*Exercise description*. Output the whole listing exactly, with no pictures.

━━━ Data provided ━━━

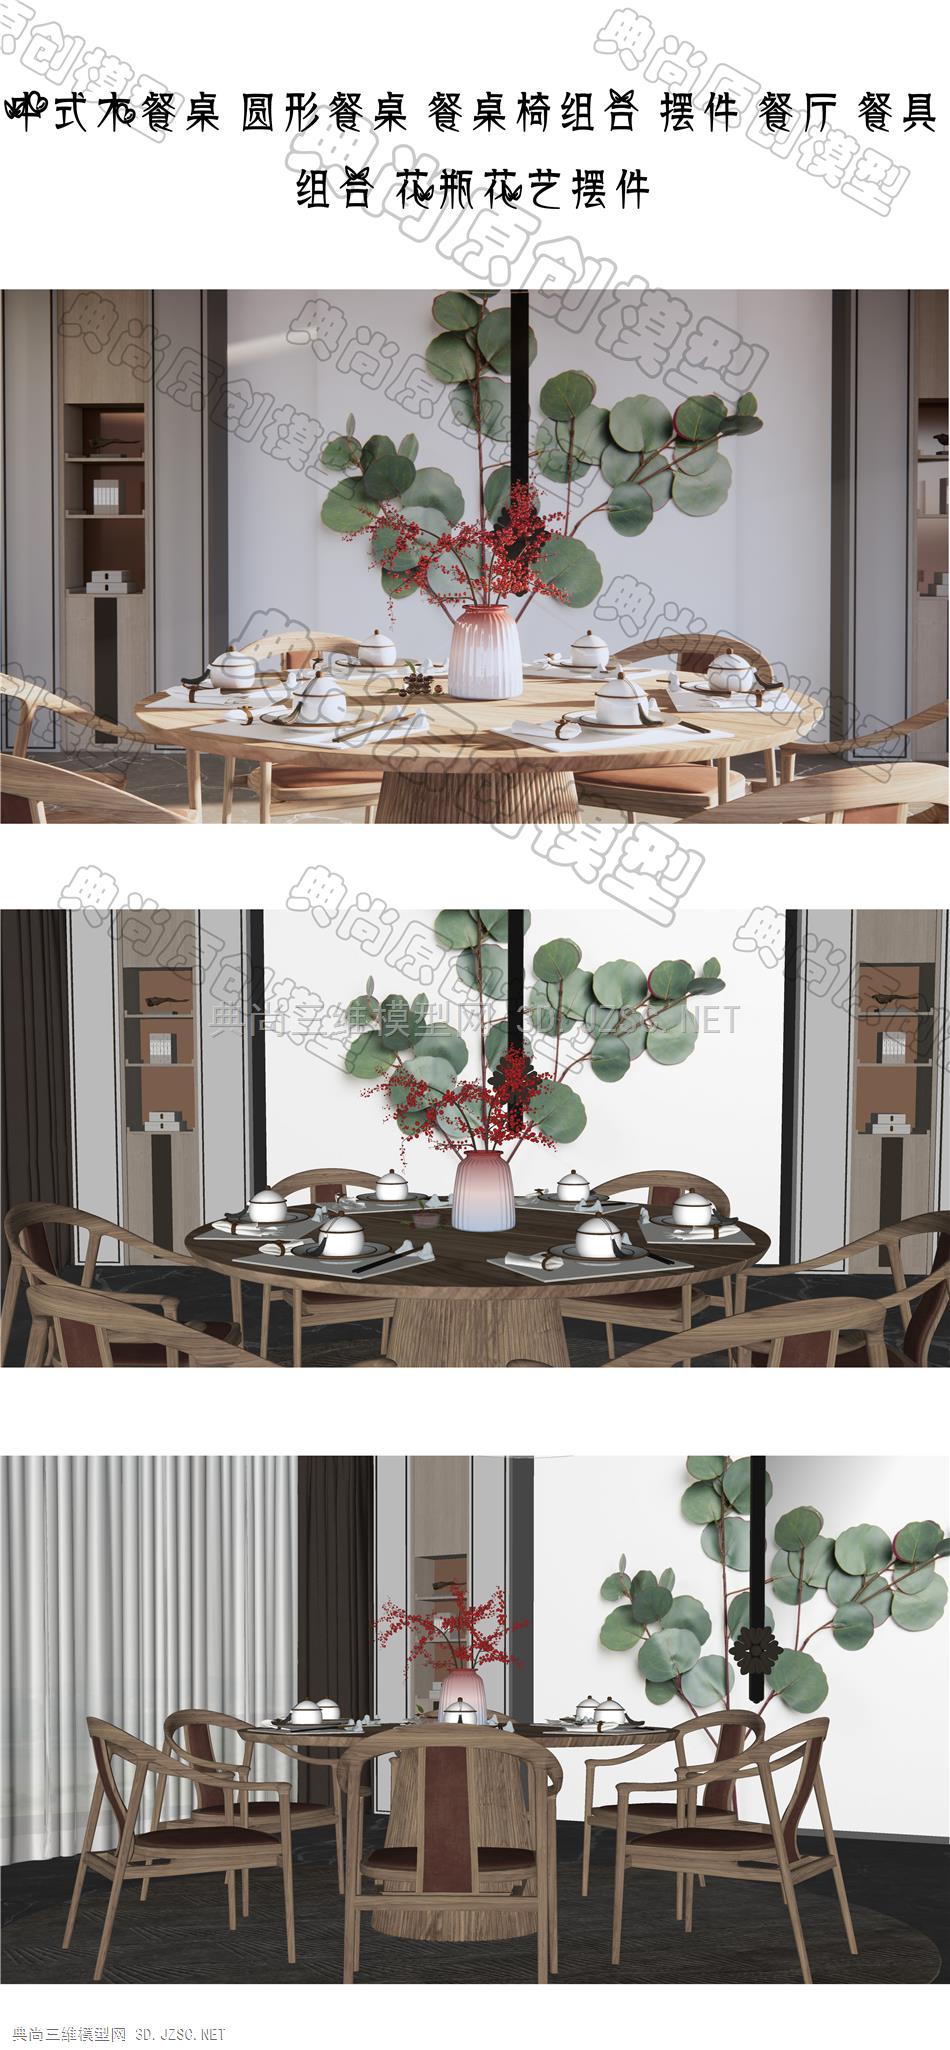 中式木餐桌 圆形餐桌 餐桌椅组合 摆件 餐厅 餐具组合 花瓶花艺摆件 
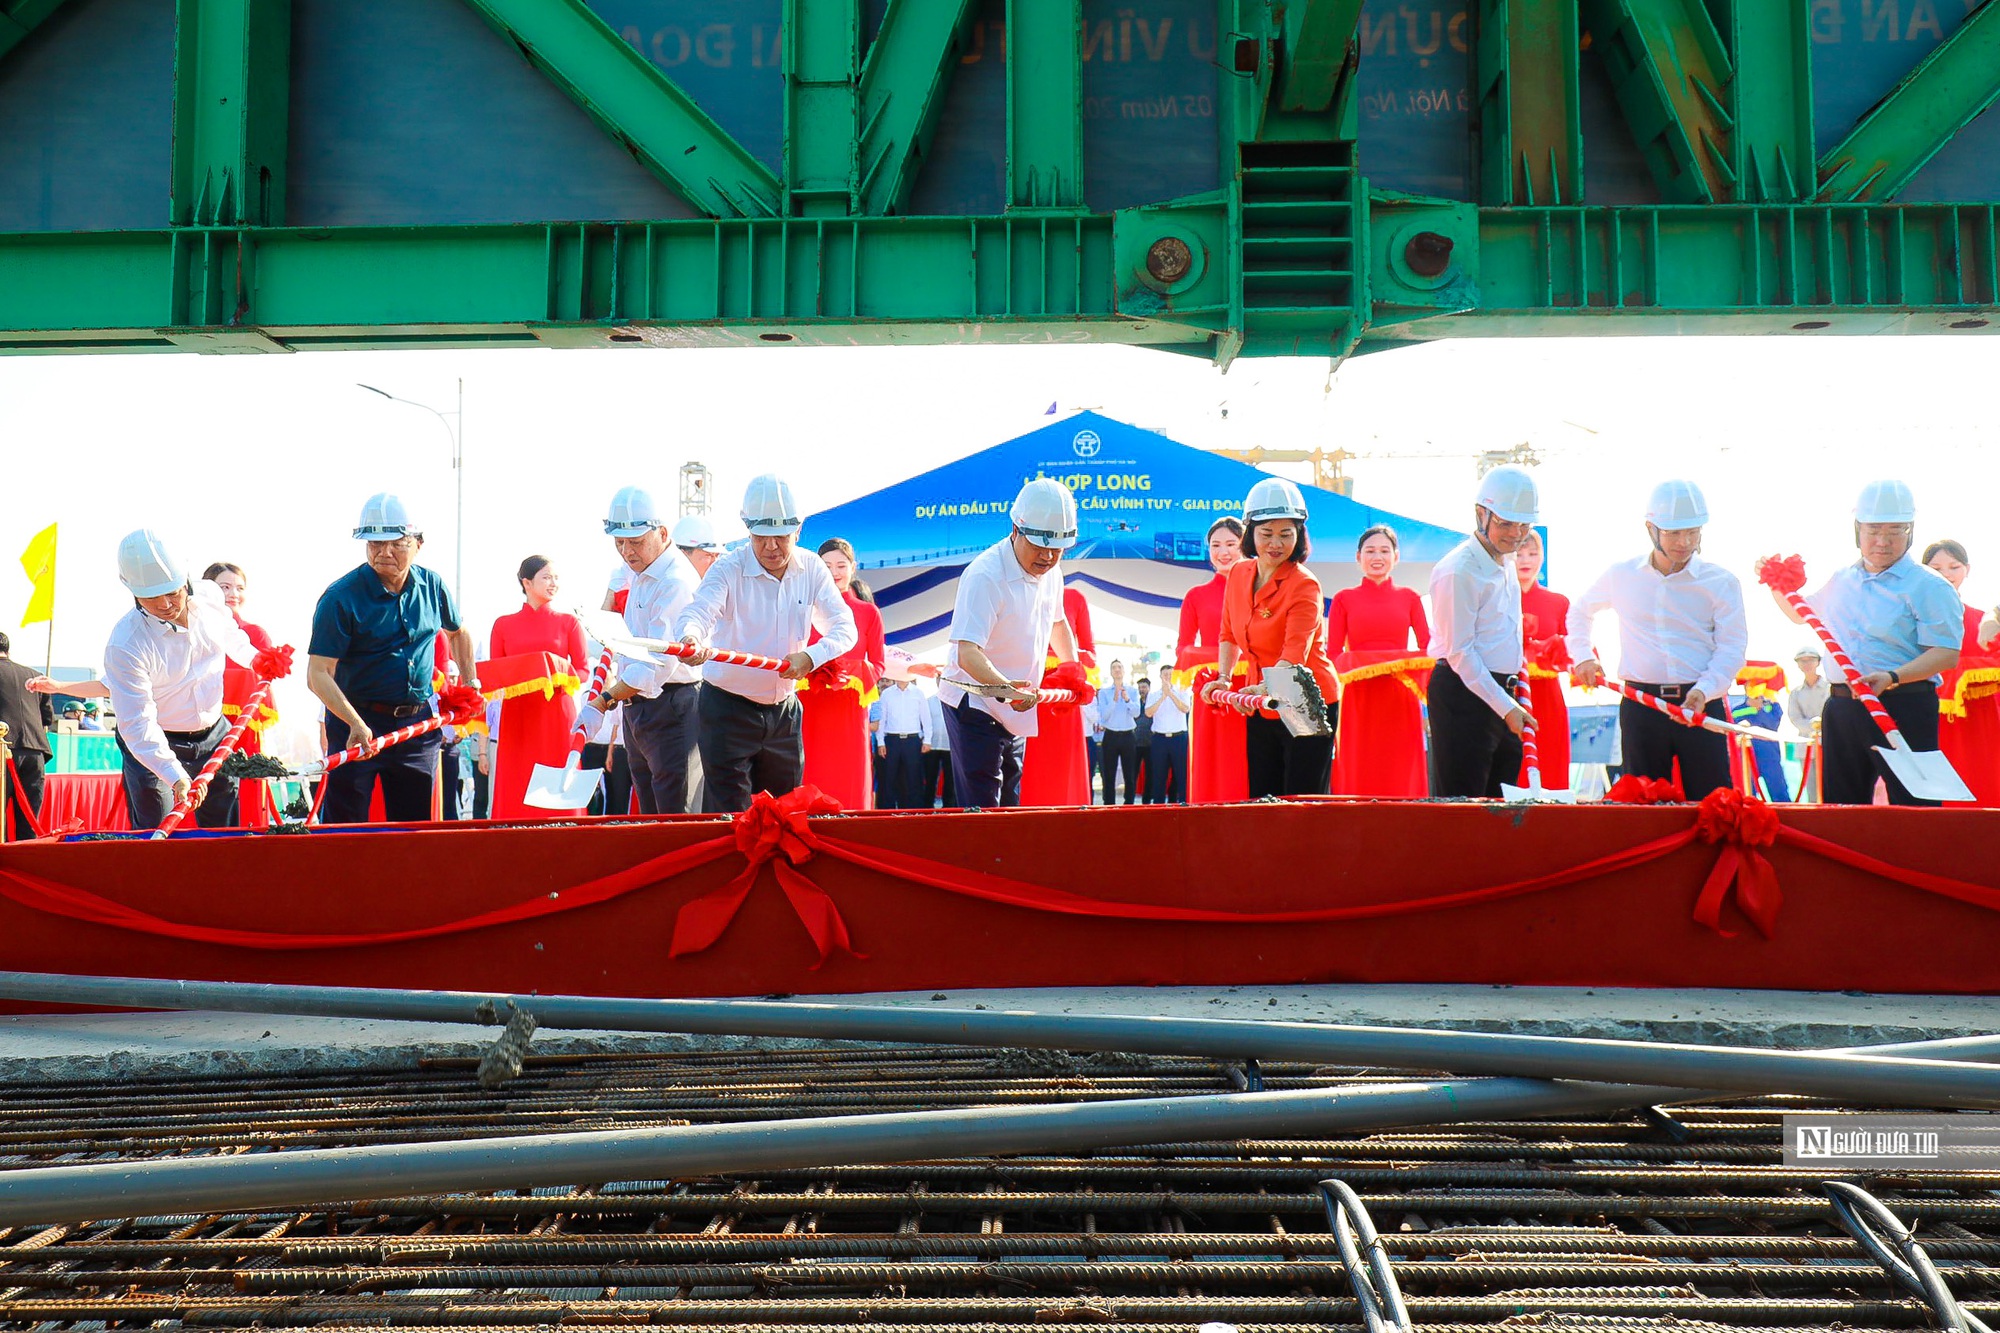 Hợp long cầu Vĩnh Tuy 2 trị giá hơn 2.500 tỷ đồng ở Hà Nội - Ảnh 4.
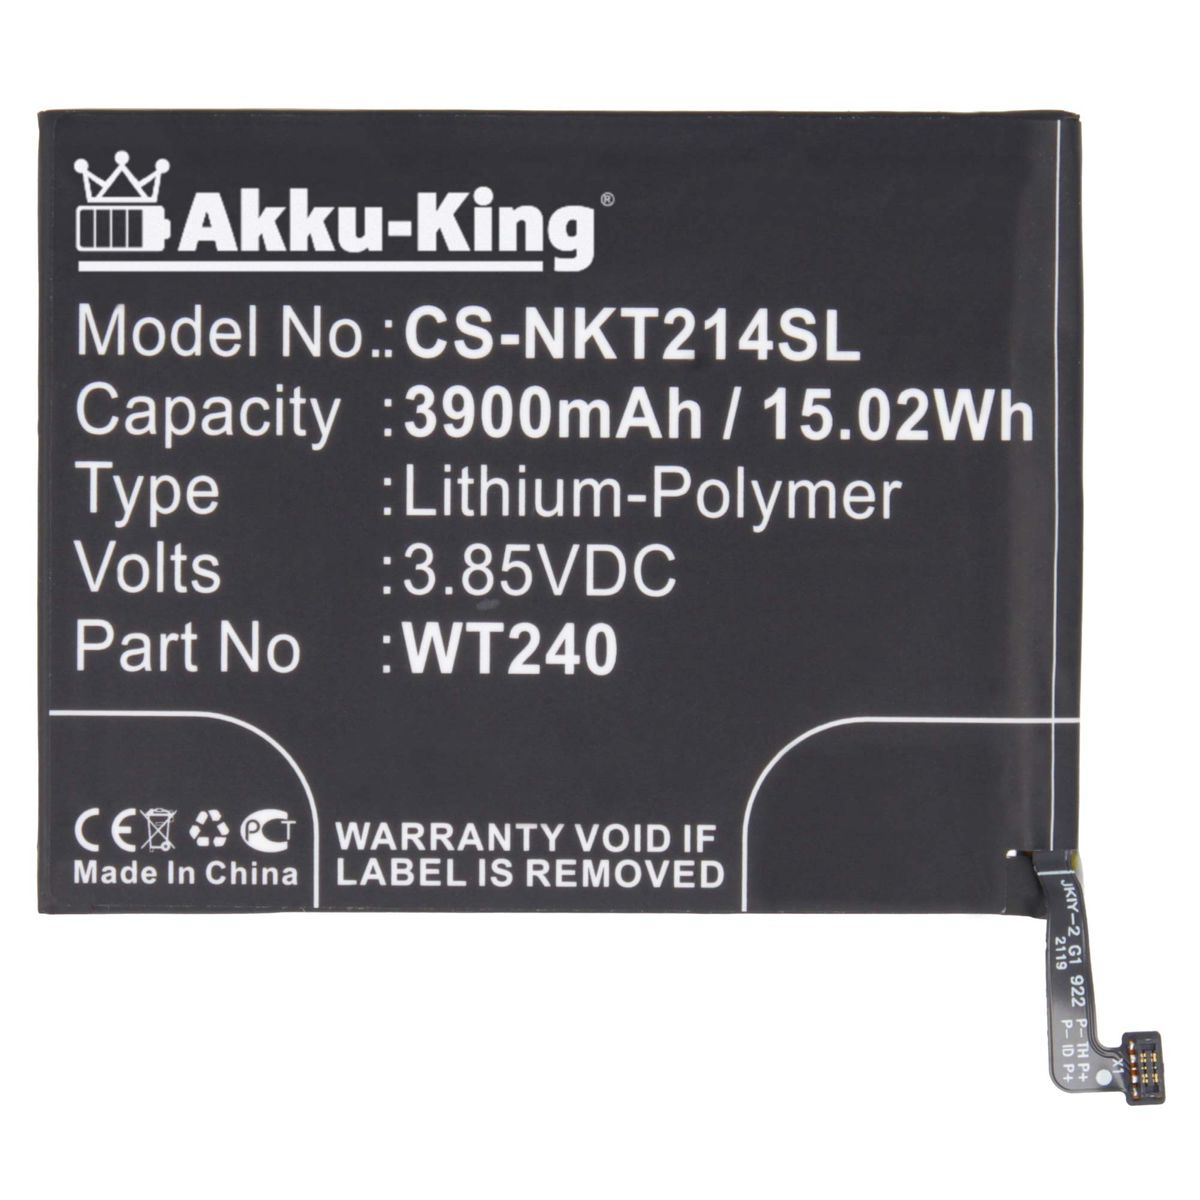 AKKU-KING Akku mit WT240 kompatibel 3.85 Li-Polymer 3900mAh Volt, Handy-Akku, Nokia

━━━

*Result*.
 中式木餐桌 圆形餐桌 餐桌椅组合 摆件 餐厅 餐具组合 花瓶花艺摆件 
 Hợp long cầu Vĩnh Tuy 2 trị giá hơn 2.500 tỷ đồng ở Hà Nội - Ảnh 4.
 AKKU-KING Akku mit WT240 kompatibel 3.85 Li-Polymer 3900mAh Volt, Handy-Akku, Nokia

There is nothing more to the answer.